Earlier this year, NASA scientists predicted that it’s possible that the universe is filled with microscopic black holes that formed before our universe’s existed. The NASA study reported that these black holes could speed through space like cosmic bullets every 1,000 years. Astrophysicists are proposing that our Universe is surrounded by infinite number of black holes that have formed 13.8 billion years ago.
Timothy Brandt, an astrophysicist at the Institute for Advanced Study in Princeton, NJ, said the very lightest, asteroid-size holes would have an apparent size of less than an atom, beyond a certain point, any matter in the Universe squeezed tightly enough will collapse beyond gravitational destruction. “Asteroid-mass black holes, if they were all of the dark matter, might pass through Earth once a millennium or so, but would be very, very hard to detect,” Brandt said. “If you had somebody right there, they might be able to observe one.”
According to Brandt, asteroid-sized black holes would pass Earth approximately every 1,000 years, but they would be difficult to detect because they’re so small. Moon-sized black holes, on the other hand, he says would have a measurable effect on our communications: “We certainly would notice if one passed near Earth, since it would affect the orbits of all of our satellites,” Brandt told Science Alert.
Luckily, this will probably never happen. These black holes would only pass between the Earth and Sun every 100 million years or so, and would statistically take longer than the age of the Universe to pass through Earth. “Though such an event is absurdly unlikely … It would cause some havoc,” Brandt said.
“On the dark matter particle side of the spectrum, the range of possibilities is narrowing down quickly,” Kashlinsky explained. “If nothing is found there, and nothing is found in the black hole theater, then we may be in a crisis of science.”
Meanwhile, some physicists challenge the study, saying are not entirely sure that these microscopic black holes exists.
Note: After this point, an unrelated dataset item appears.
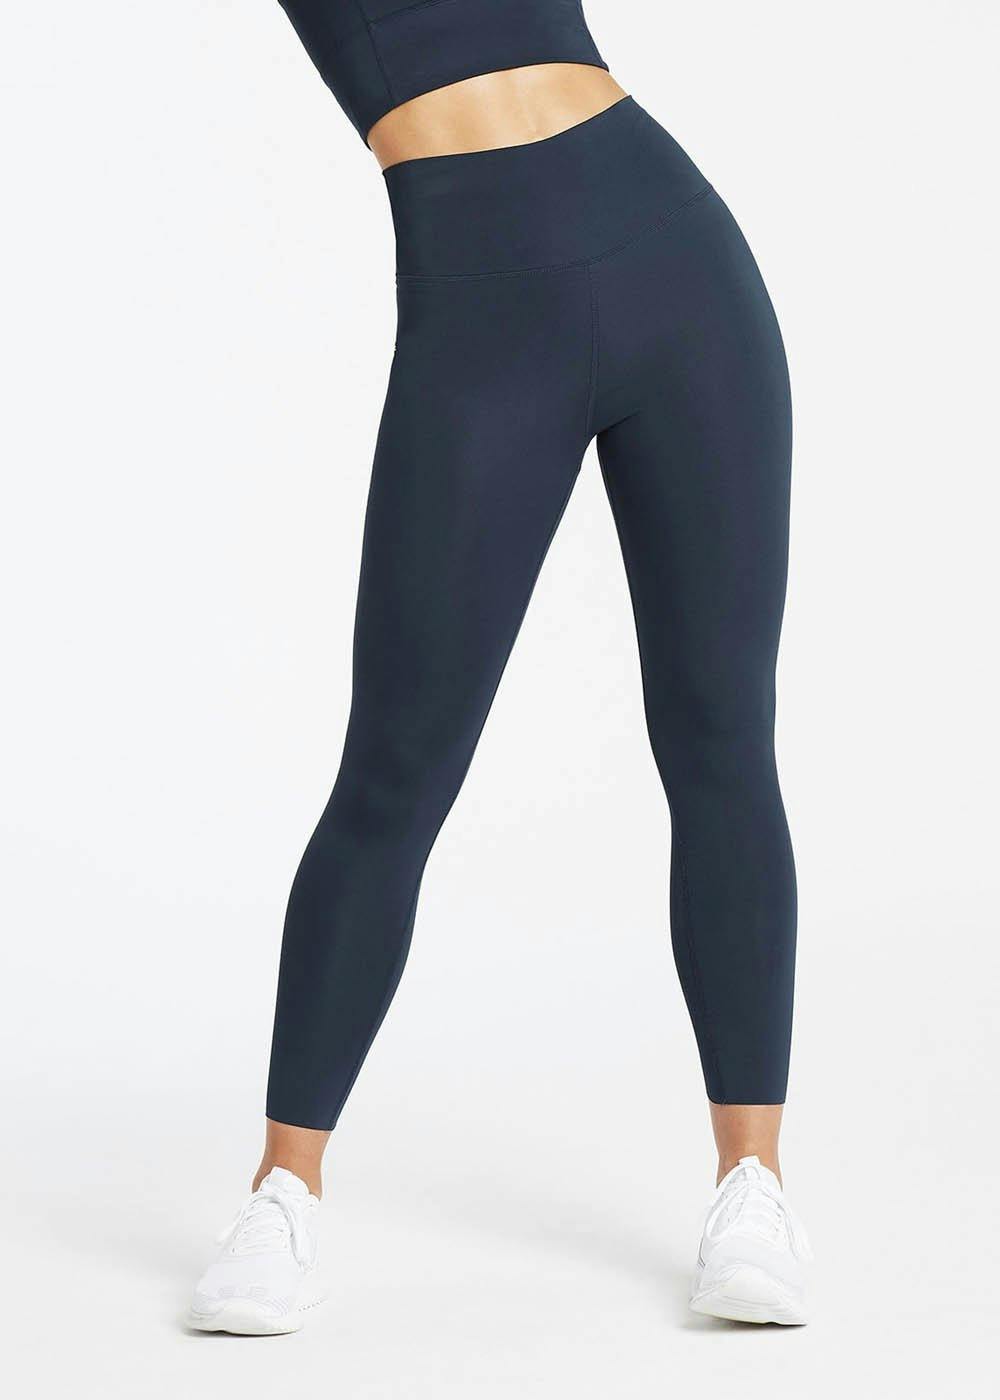 Best activewear: 9 high-waisted gym leggings to buy now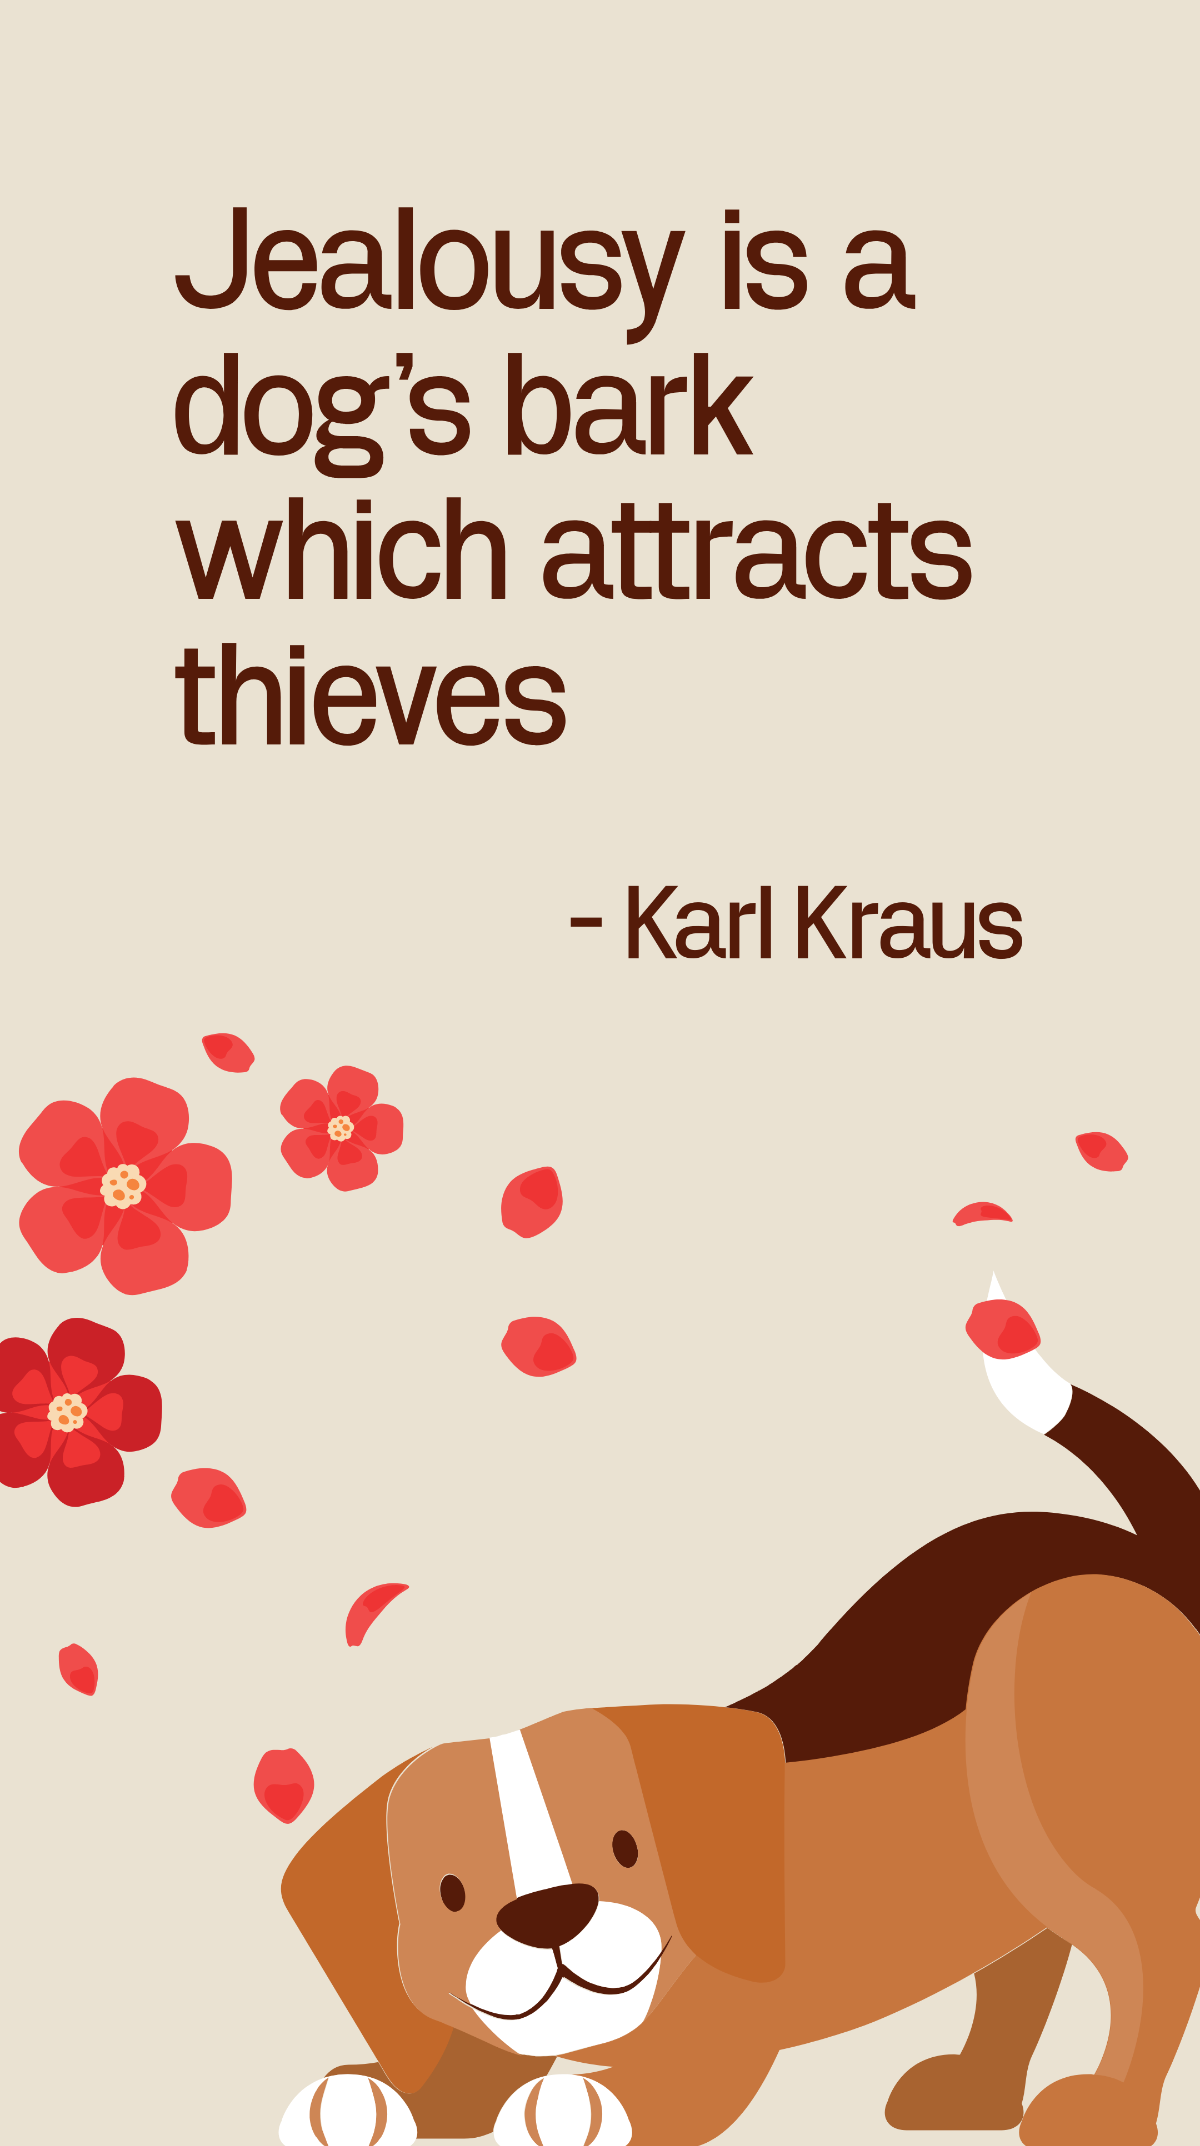 Free Karl Kraus - Jealousy is a dog's bark which attracts thieves Template

Although there have been several reports that they do, the search to prove they exist has been more difficult than what was previously expected. Those scientists, who are seeking out ancient black holes, including Kashlinsky, think they’re pretty heavy (probably between 20 and 100 times the mass of the Sun).
Supermassive black holes, like one indicated by the blue dot in the NASA X-ray image of the Andromeda Galaxy at the top of the page, are the opposite of the notion of tiny primordial black holes.